Lionel asbestos mine, Nullagine, 1926
John Curtin Prime Ministerial Library


This is a black-and-white photograph of Lionel asbestos mine, north-west of Nullagine in the east Pilbarra region of Western Australia in 1926. A group of men is standing beside three motor cars, against a background of conveyor belts and other mining infrastructure.
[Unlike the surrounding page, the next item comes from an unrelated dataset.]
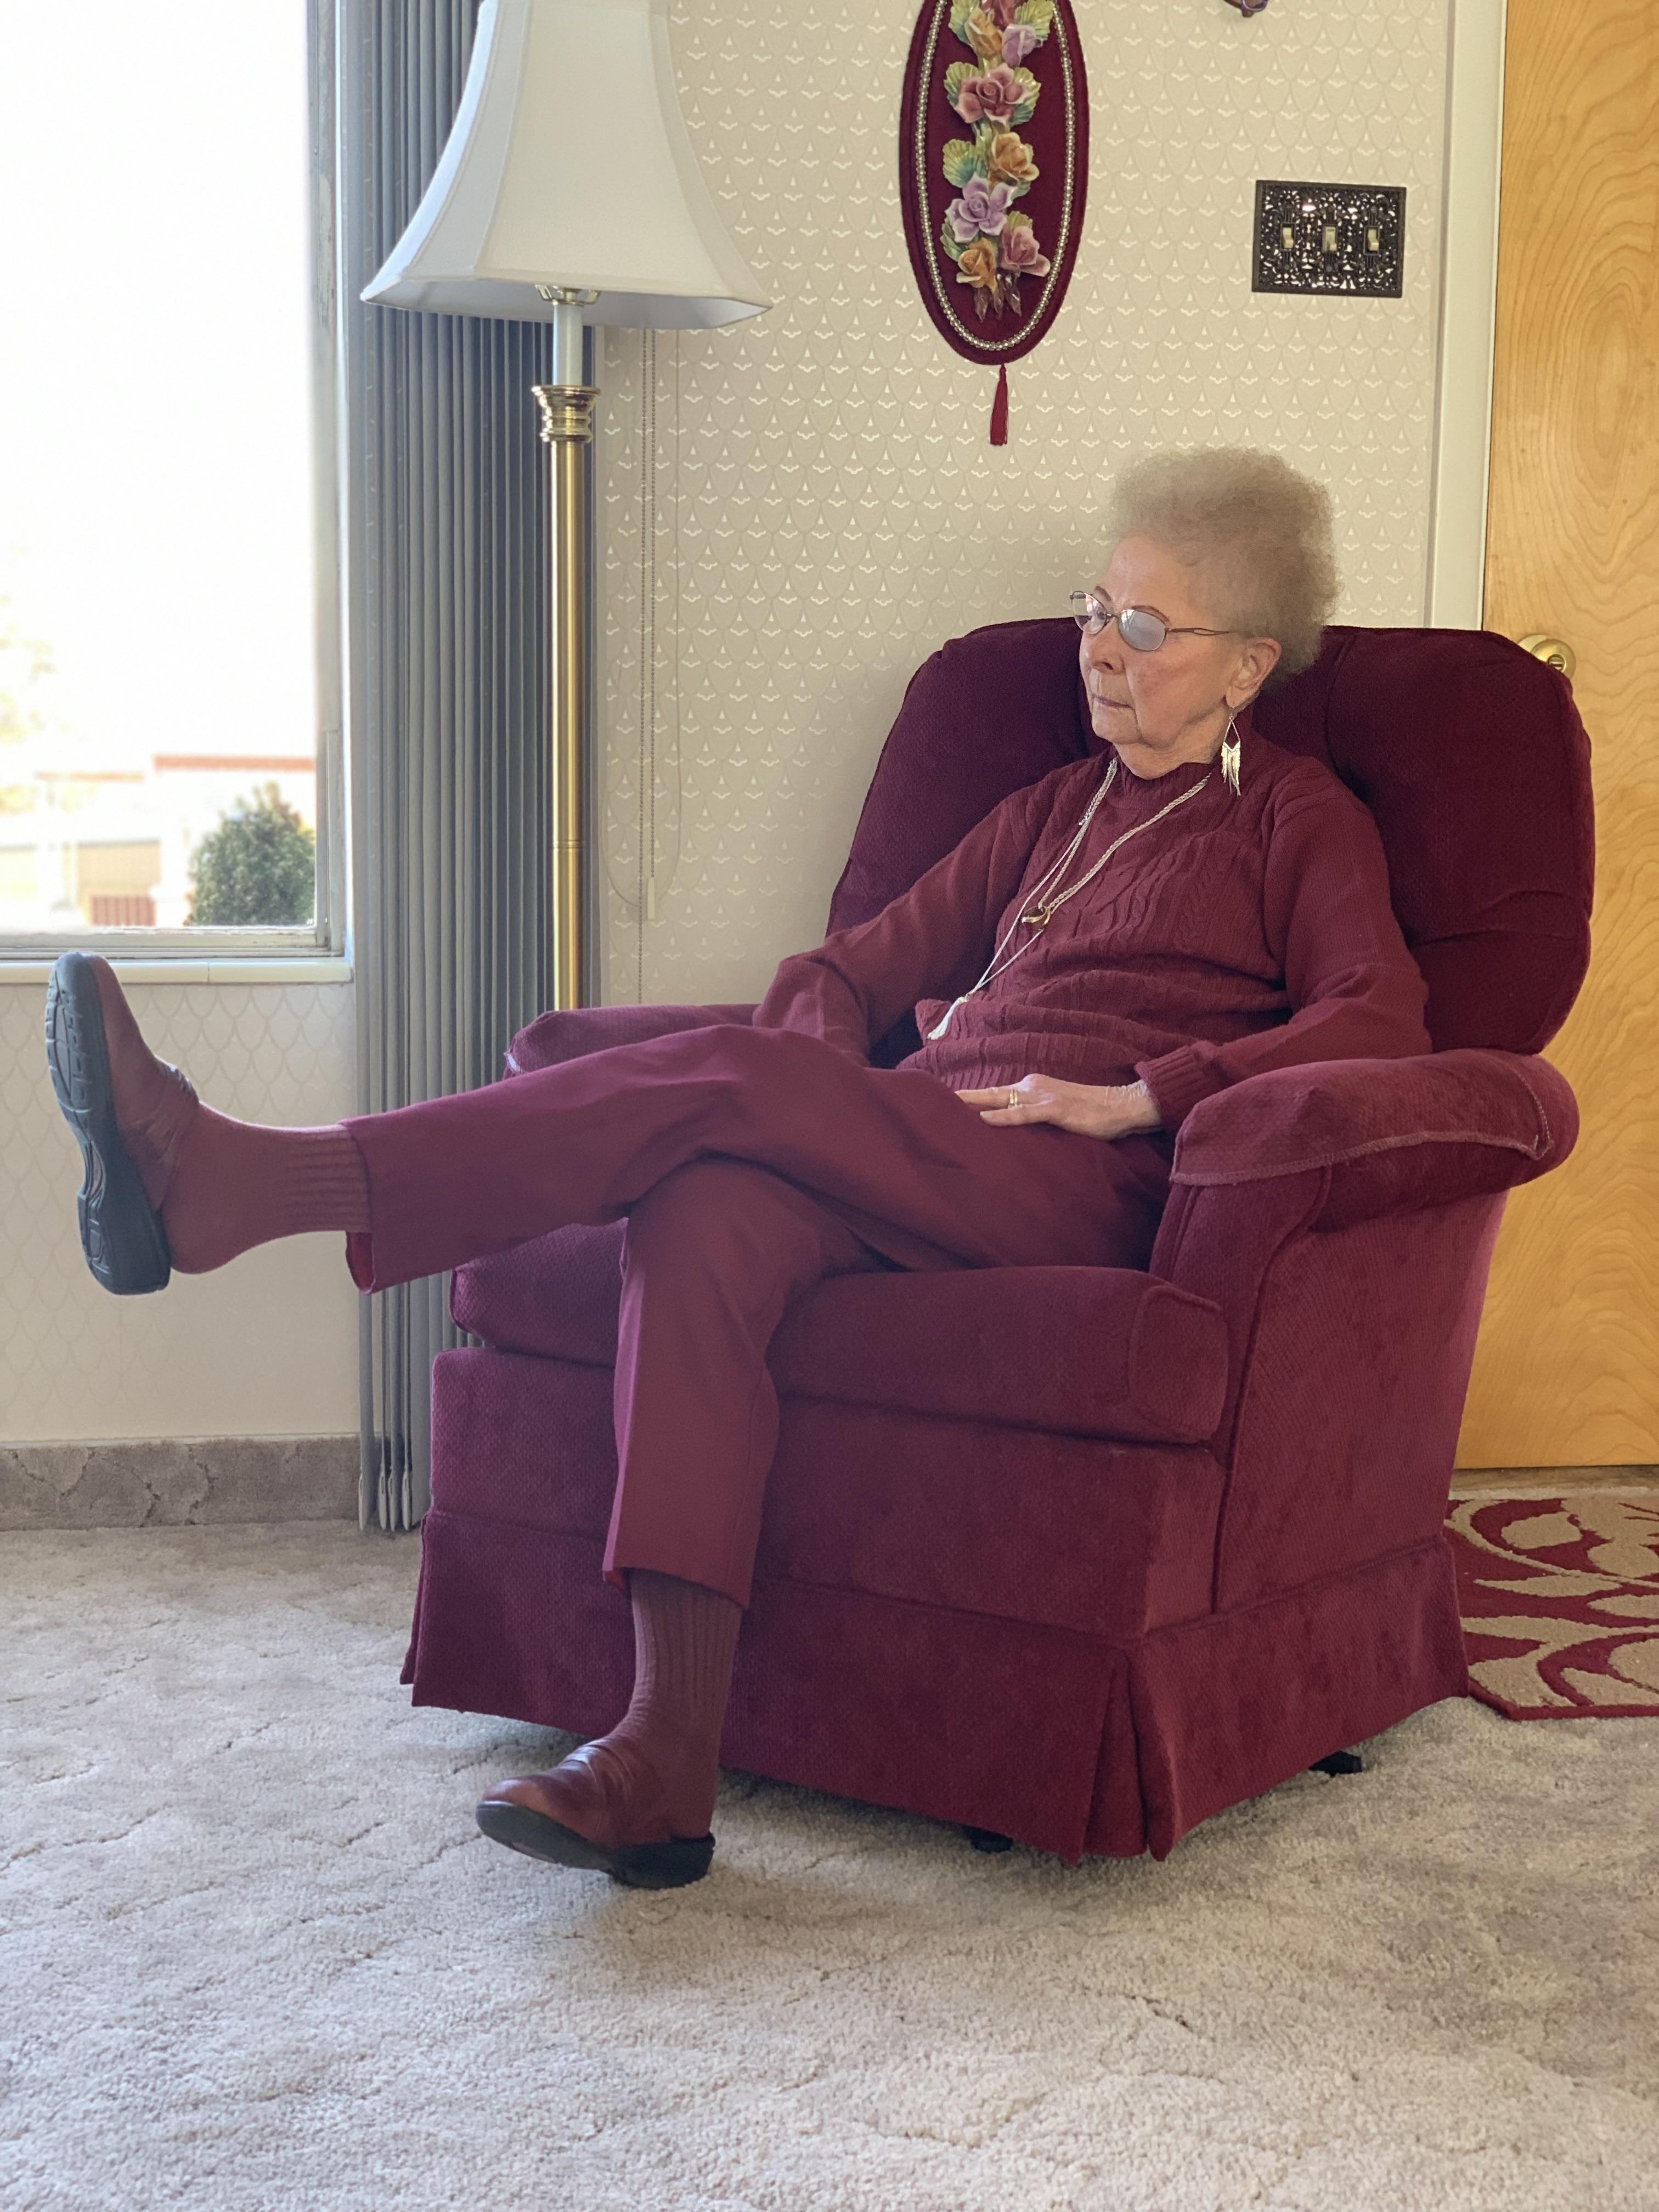 Sometimes we lose my grandma

A wheelbarrow, a crate and several wooden buildings are in the foreground, while a bare, flat-topped hill can be seen in the distance.

Educational value

This resource is useful because it:

  • This asset shows the main industry of the Nullagine area in 1926 - apart from the asbestos mine, 27 miles (43.4 km) away, the town of Nullagine consisted only of a hotel, a police station, a telegraph station and about three houses; just three children lived in the locality, suggesting the isolation and hardships of life in this remote area of Western Australia in the 1920s.
  • This asset shows members of a WA Government ministerial party on a fact-finding mission - led by Minister for Works Alex McCallum (1877-1937), the party toured the north-west of Australia and the Kimberley region in June and July 1926; the tour was prompted by an Australian Government offer to take over the development and administration of the north and north-west of the state, a suggestion vehemently rejected by the WA Government.
  • This asset shows the motor vehicles that transported the ministerial party - travel by car in the remote areas of WA was not an easy or common event in 1926; it was often slow and arduous, and the distances to be covered were great; after leaving Perth, the group travelled 900 miles (1,448 km) by rail, 2,900 miles (4,666 km) by motor car, and 1,300 miles (2,092 km) by boat, visiting Meekatharra, Nullagine, Port Hedland, Broome, Derby, Fitzroy, Halls Creek, Wyndham, Ord River Station and points in between; the vehicles used were two Dodges and a Rugby.
  • This asset indicates that asbestos was being mined in WA in the 1920s – since asbestos mining began in Australia, the main mining centres have been the crocidolite (blue asbestos) deposits of the Hamersley Ranges in WA, and the chrysotile (white asbestos) deposits at Baryulgil and Barrabain New South Wales, and at Lionel and Nunyerrie in WA; crocidolite dominated asbestos production from the 1940s until the closure of the Wittenoom mine (WA) in 1966.
  • This asset suggests that asbestos mining was a profitable enterprise - the reinforcement, thermal and electrical insulation and heat-resistance properties of asbestos have made the fibre useful for centuries in the manufacture of many products, including asbestos-cement articles, yarn cord and fabric, joint and millboard, friction materials and gaskets; however, serious health problems among those employed in the industry and others who inhaled dust from the mining and milling of asbestos, particularly blue asbestos fibres, led to the closure of asbestos mines in Australia from the 1960s and 1970s.